The church occupied the north end of a decaying shopping center out on one of the struggling edges of the Baton Rouge metro. The inside, however, was fresh and nicely appointed — a surprise, given the location and the meager crowd of worshipers all gussied up in their down-market finery.

From my center-aisle seat in the second row, I watched a gowned choir file into a set of bleachers at the back of the stage as Harry worked his way through a lively chord progression on a beautiful baby grand that had a few bum notes in the upper register. It reminded me of a piano he and I used to practice duets on, back before the lure of easy money from sports betting scams elbowed aside our visions of playing the East Coast resort circuit for a living. Lately, I’d found myself getting nostalgic for those abandoned show business ambitions.

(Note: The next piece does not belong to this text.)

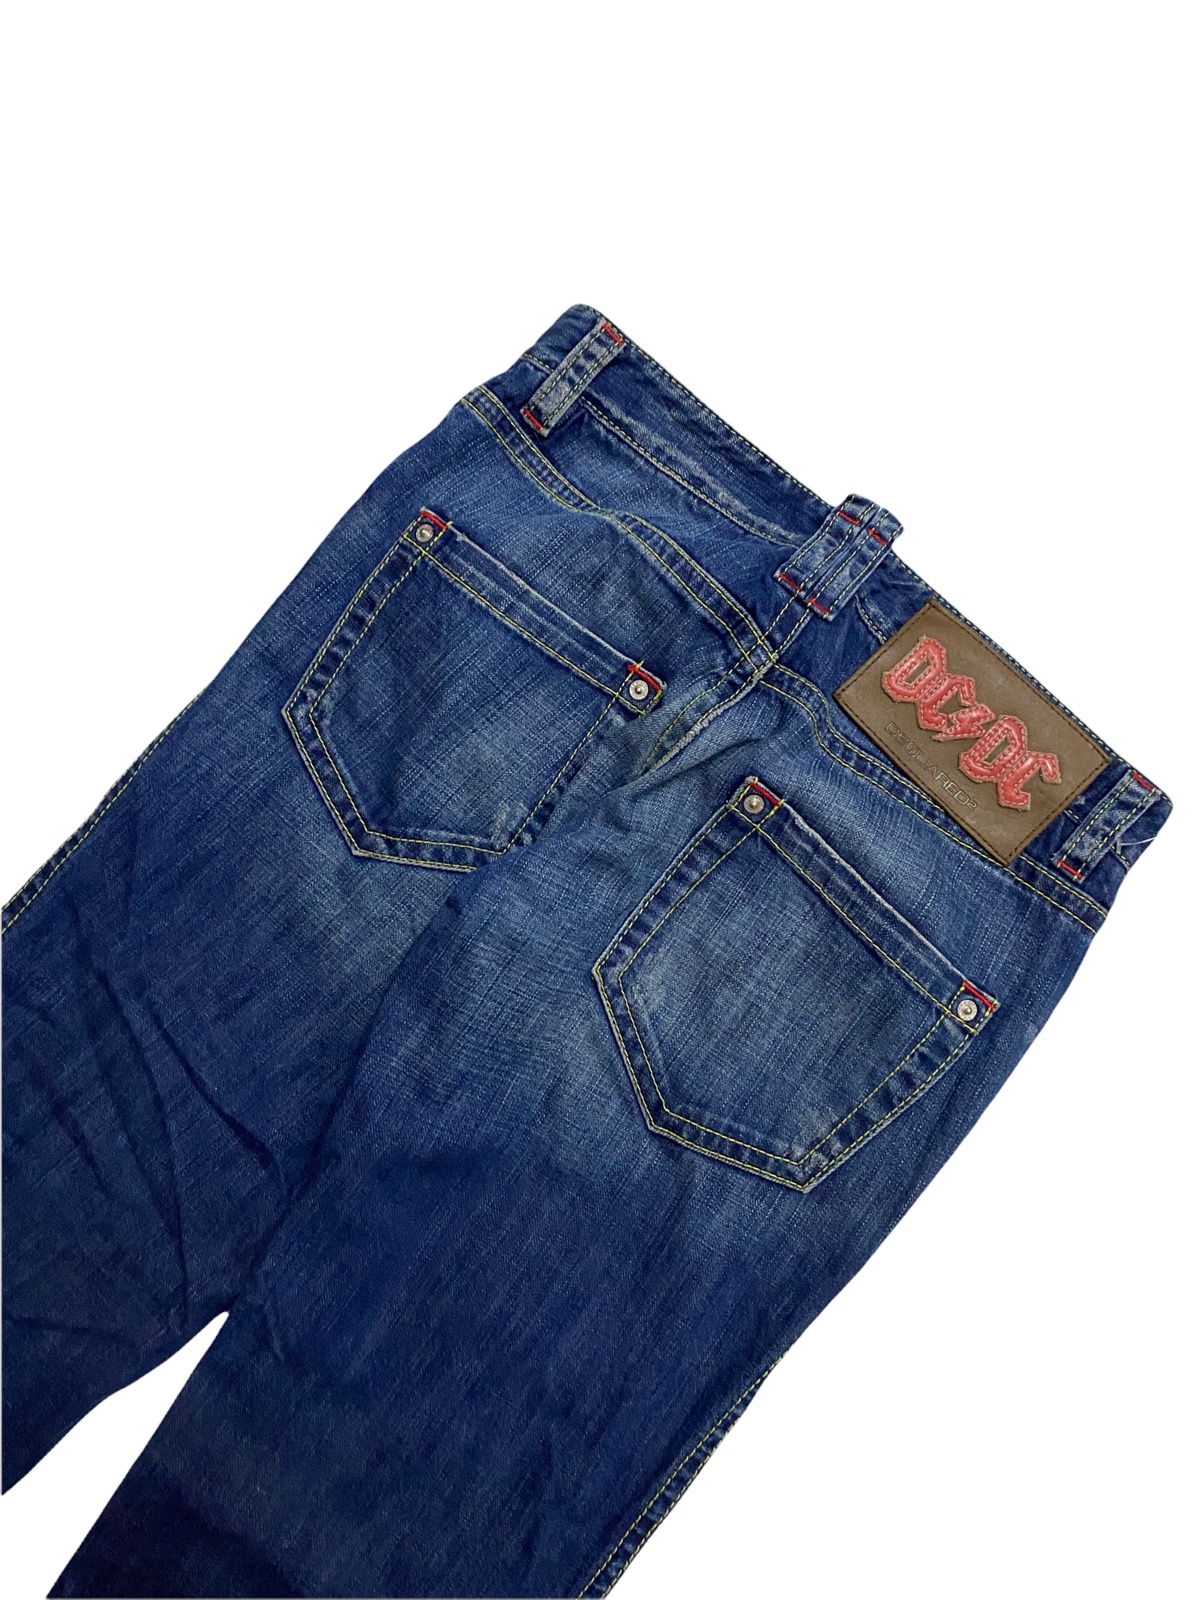 Dsquared2 ACDC Parody Fucker Made in Italy Jeans - 1

At the end of his warm-up, Harry launched into an intricate, animated fanfare — Beethoven’s Sonata Pathetique. He had rewired the rhythm with a bluesy tempo, and the random dissonance of the two or three out-of-tune keys gave the normally soaring piece a haunting, hypnotic mood. I could feel myself getting lost in the music, so I hummed a few bars of Chattanooga Choo Choo to keep from slipping under the spell of his inventive playing.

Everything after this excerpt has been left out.